+++ INPUT RECORDS

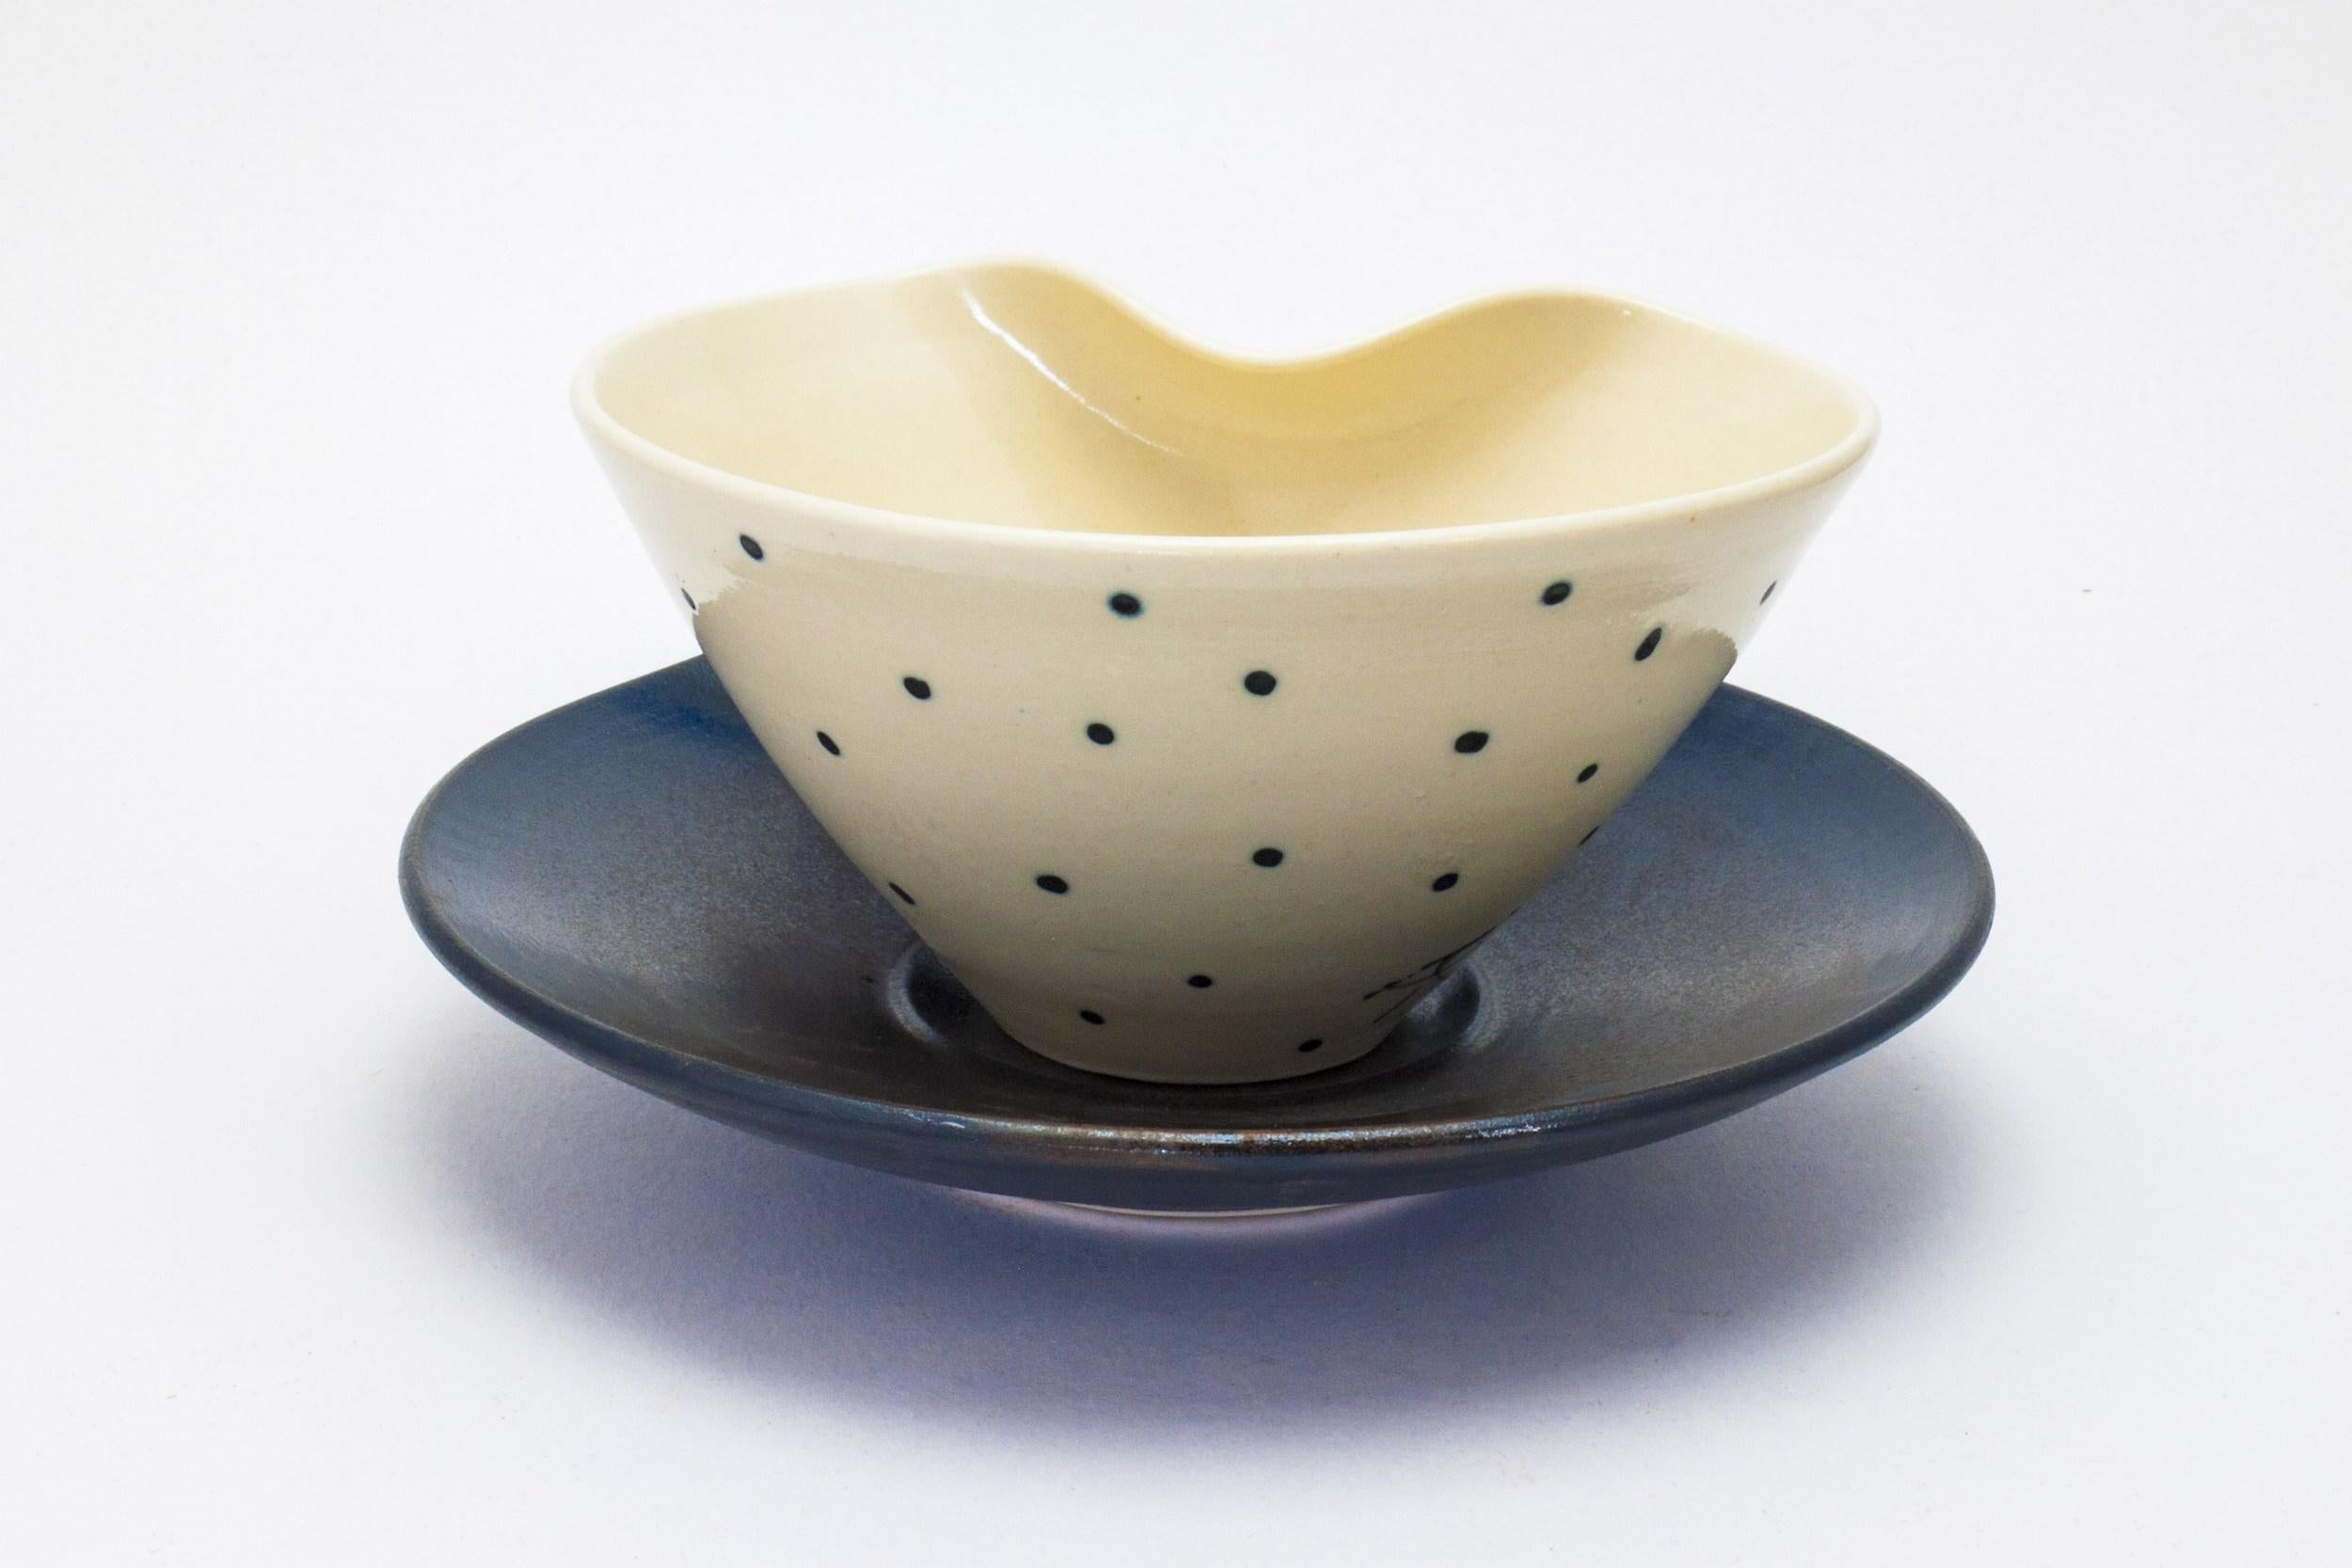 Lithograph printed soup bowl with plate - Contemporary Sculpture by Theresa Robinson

++++++
+++ INPUT RECORDS

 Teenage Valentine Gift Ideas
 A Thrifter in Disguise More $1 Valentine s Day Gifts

++++++

WHAT NEEDS TO BE DONE - Which lines hold the word "Valentine"? Copy each of them from the records.

RESULT OF THE EXERCISE -
 Teenage Valentine Gift Ideas
 A Thrifter in Disguise More $1 Valentine s Day Gifts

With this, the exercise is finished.